* _Assignment_
Transcribe everything in the listing below exactly, except the pictures.
-- Dataset content follows --
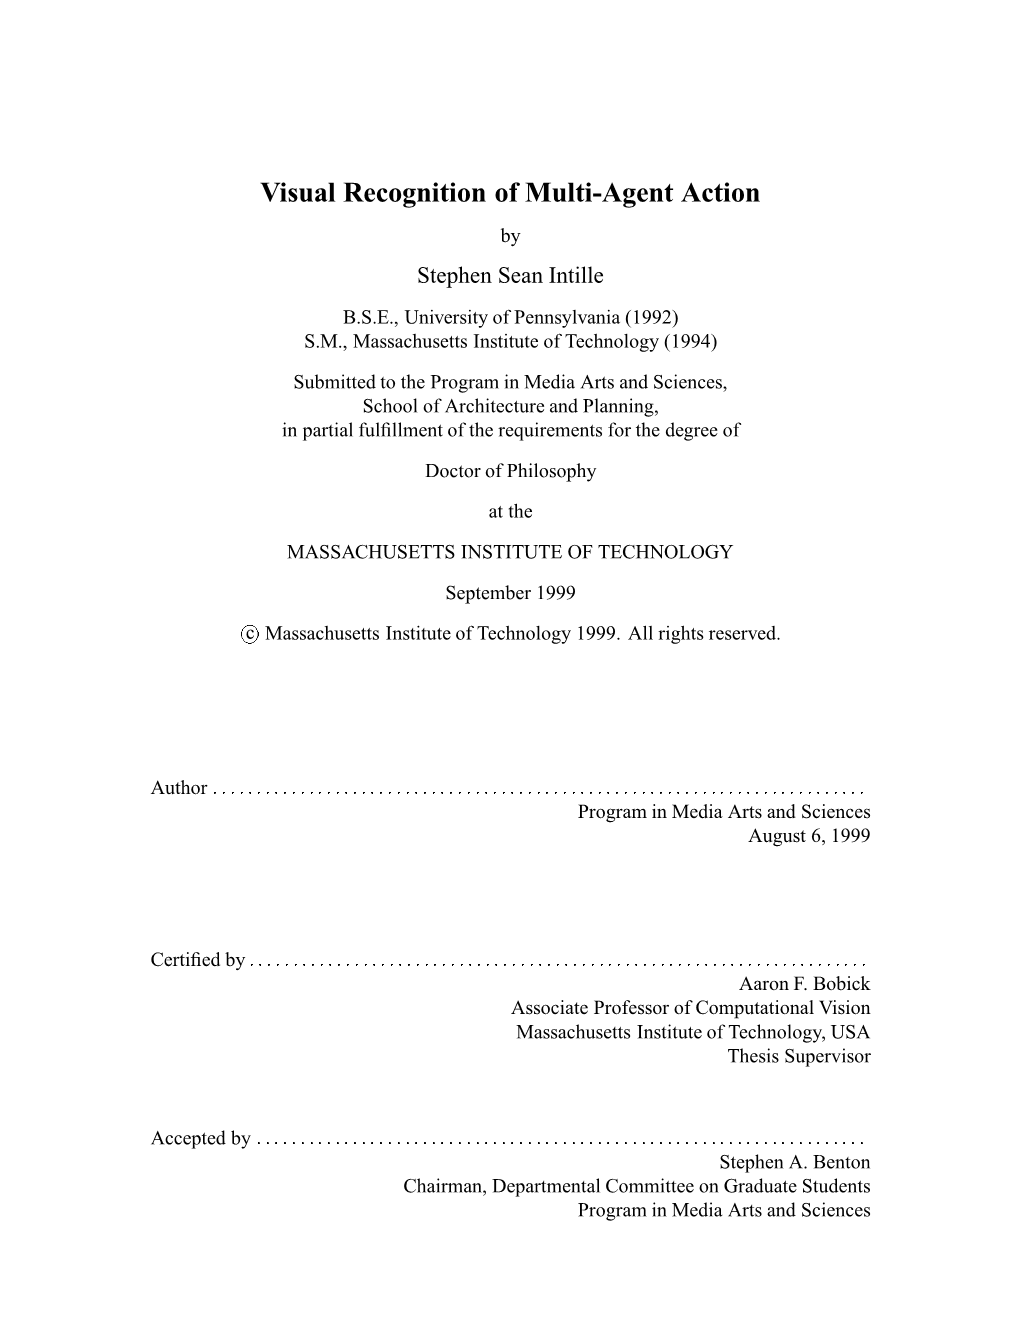 Visual Recognition of Multi-Agent Action by Stephen Sean Intille
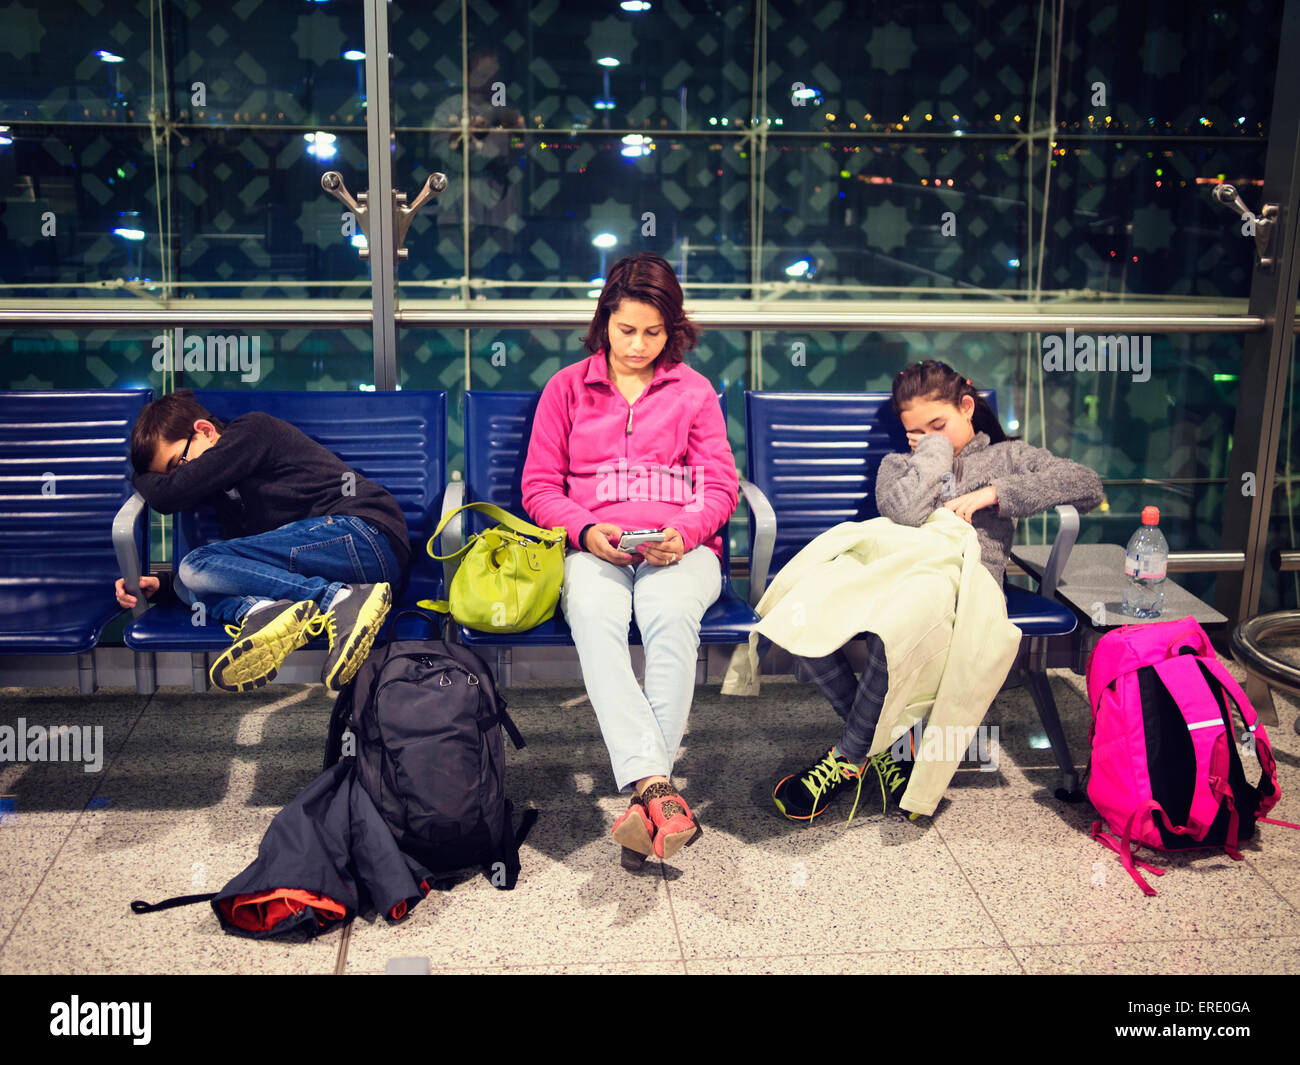 Mother and children relaxing in airport waiting area Stock Photo
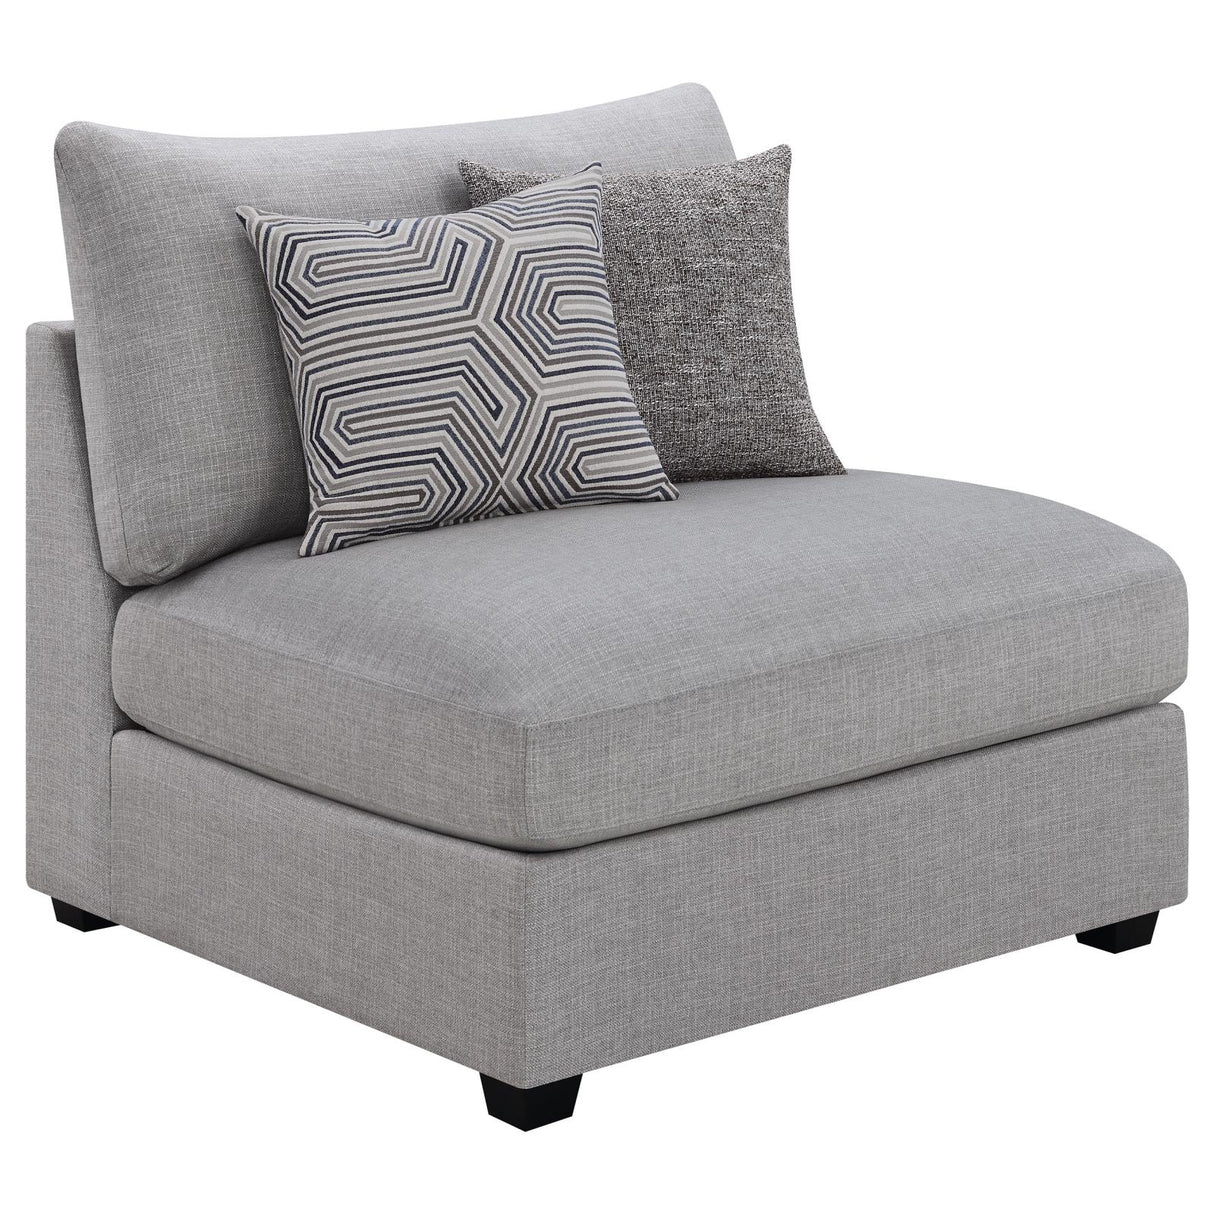 Cambria 5-piece Upholstered Modular Sectional Grey - 551511-S5A - Luna Furniture
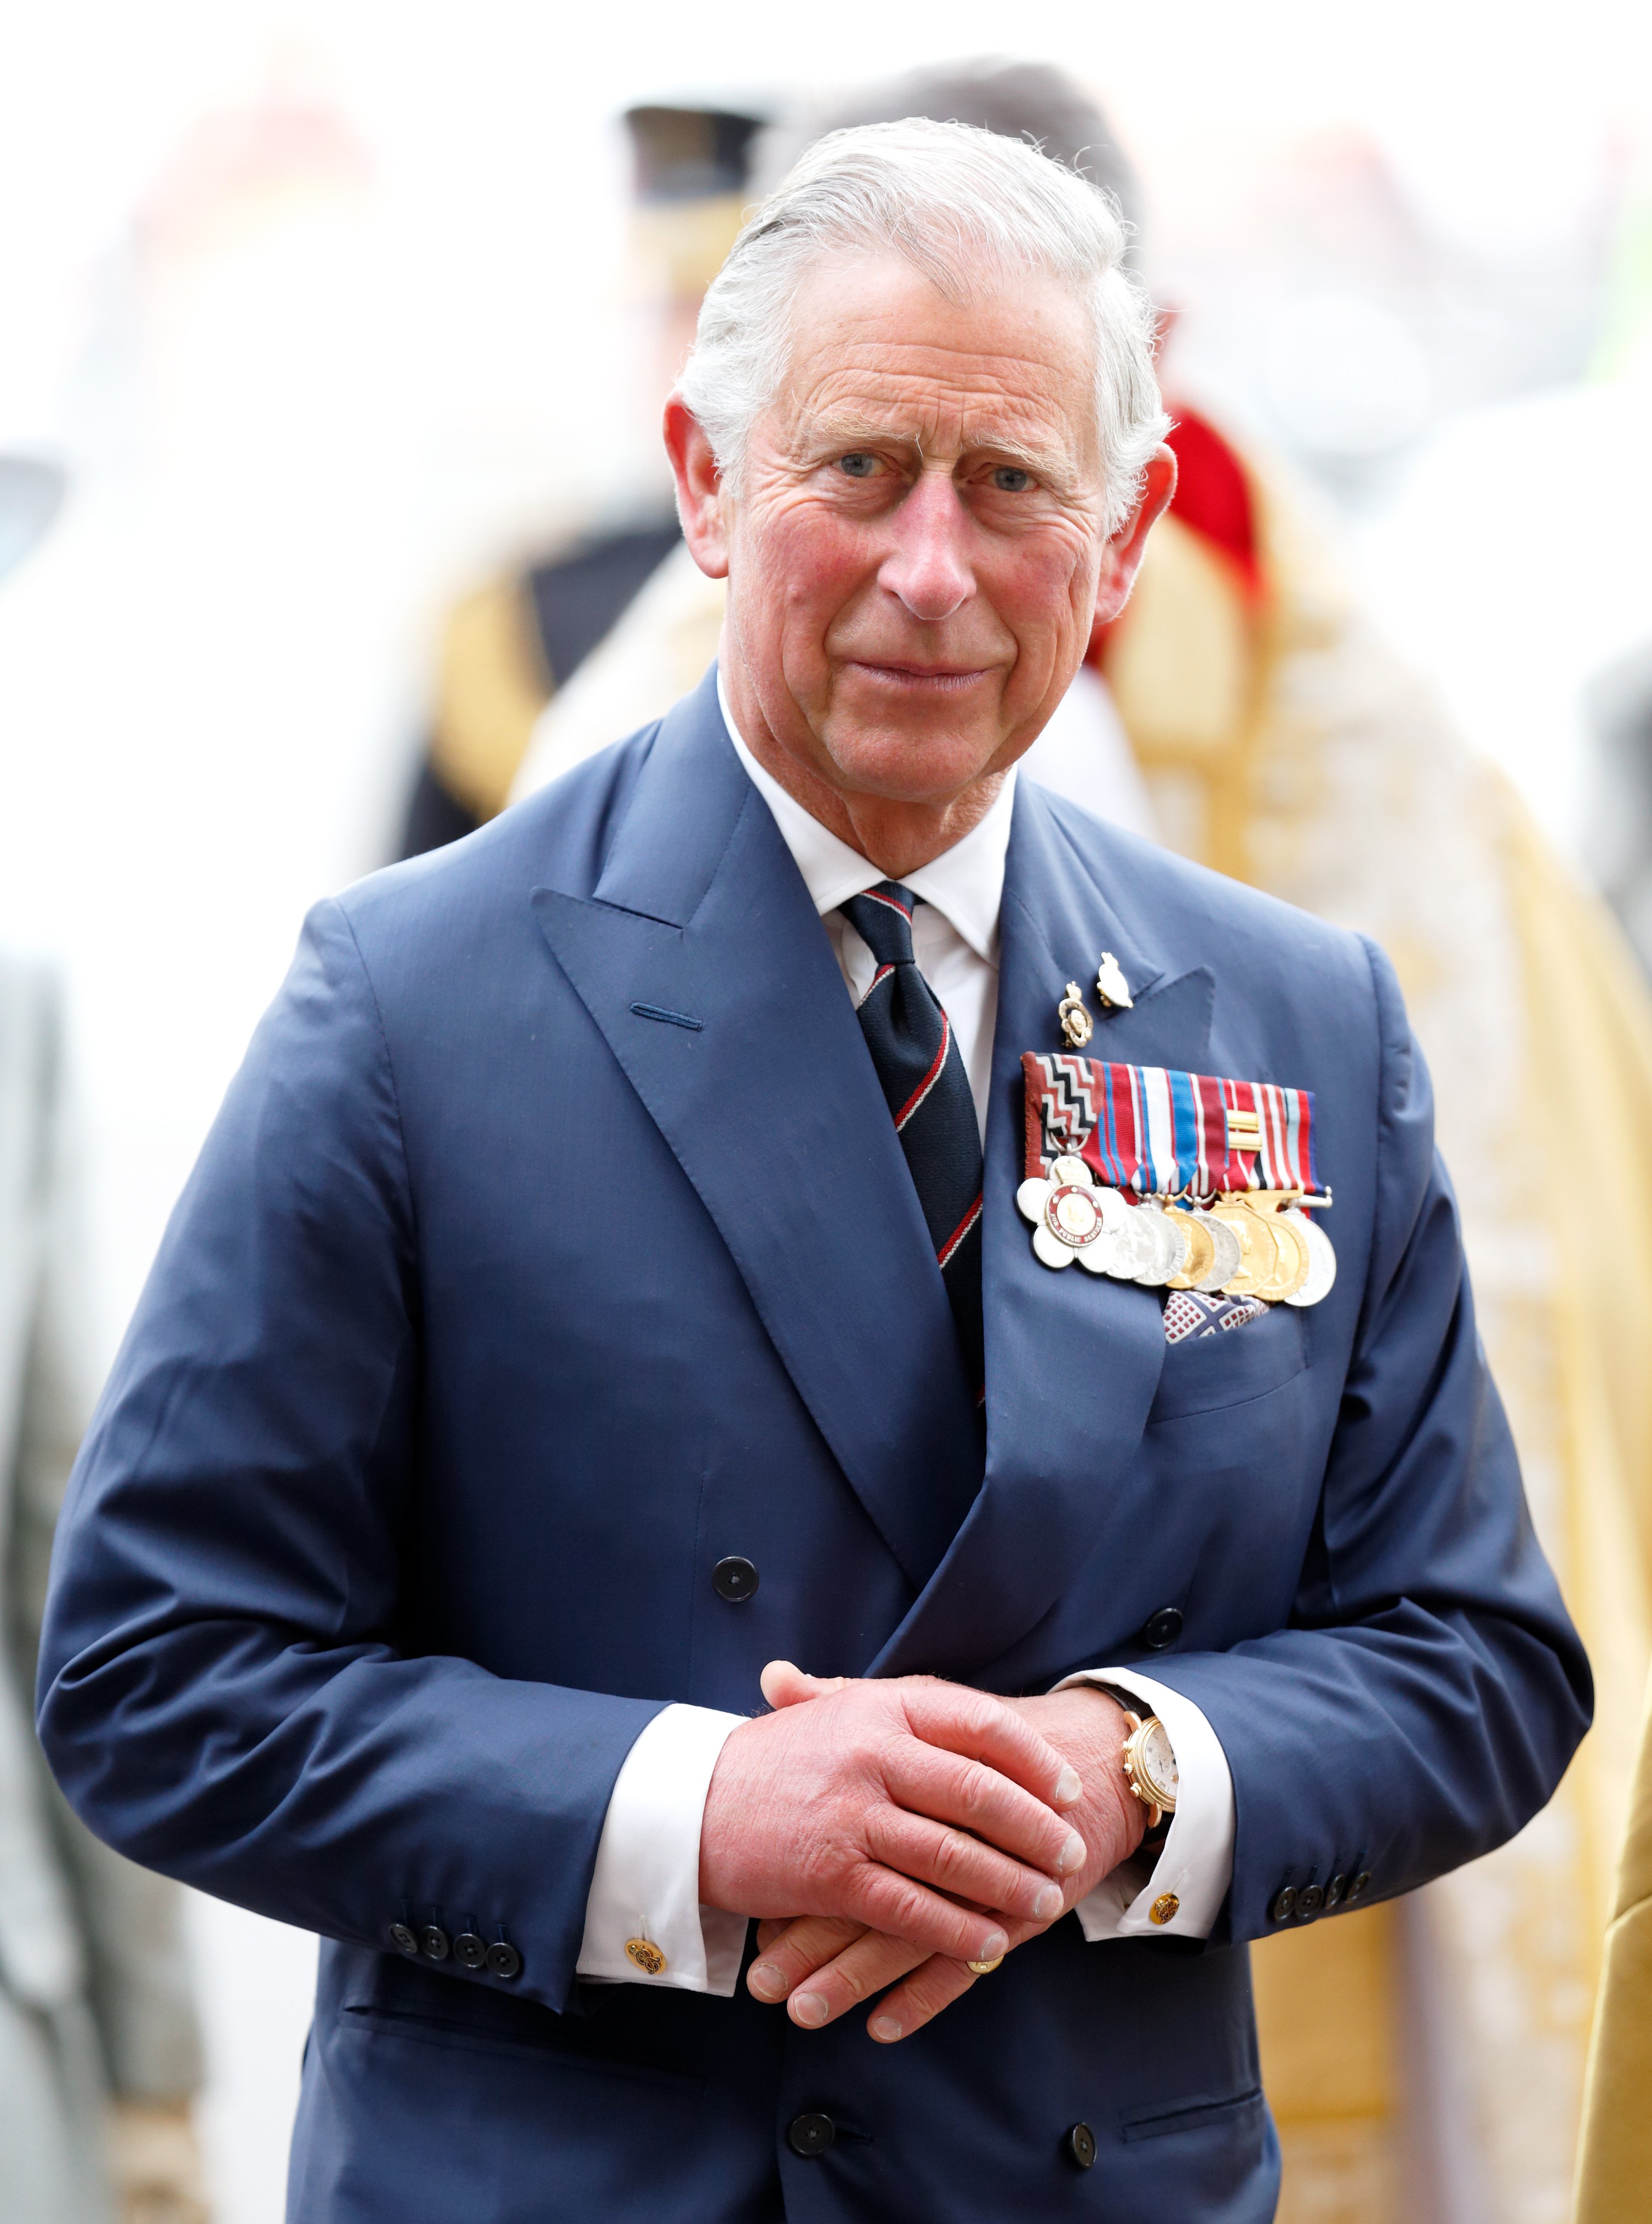 Prince Charles pictured at a Service of Thanksgiving to mark the 70th Anniversary of VE Day at Westminster Abbey, 2015, London, England. | Photo: Getty Images
-- Dataset content concluded --
* _Reply_
 Visual Recognition of Multi-Agent Action by Stephen Sean Intille
 Mother and children relaxing in airport waiting area Stock Photo
 Cambria 5-piece Upholstered Modular Sectional Grey - 551511-S5A - Luna Furniture
 Prince Charles pictured at a Service of Thanksgiving to mark the 70th Anniversary of VE Day at Westminster Abbey, 2015, London, England. | Photo: Getty Images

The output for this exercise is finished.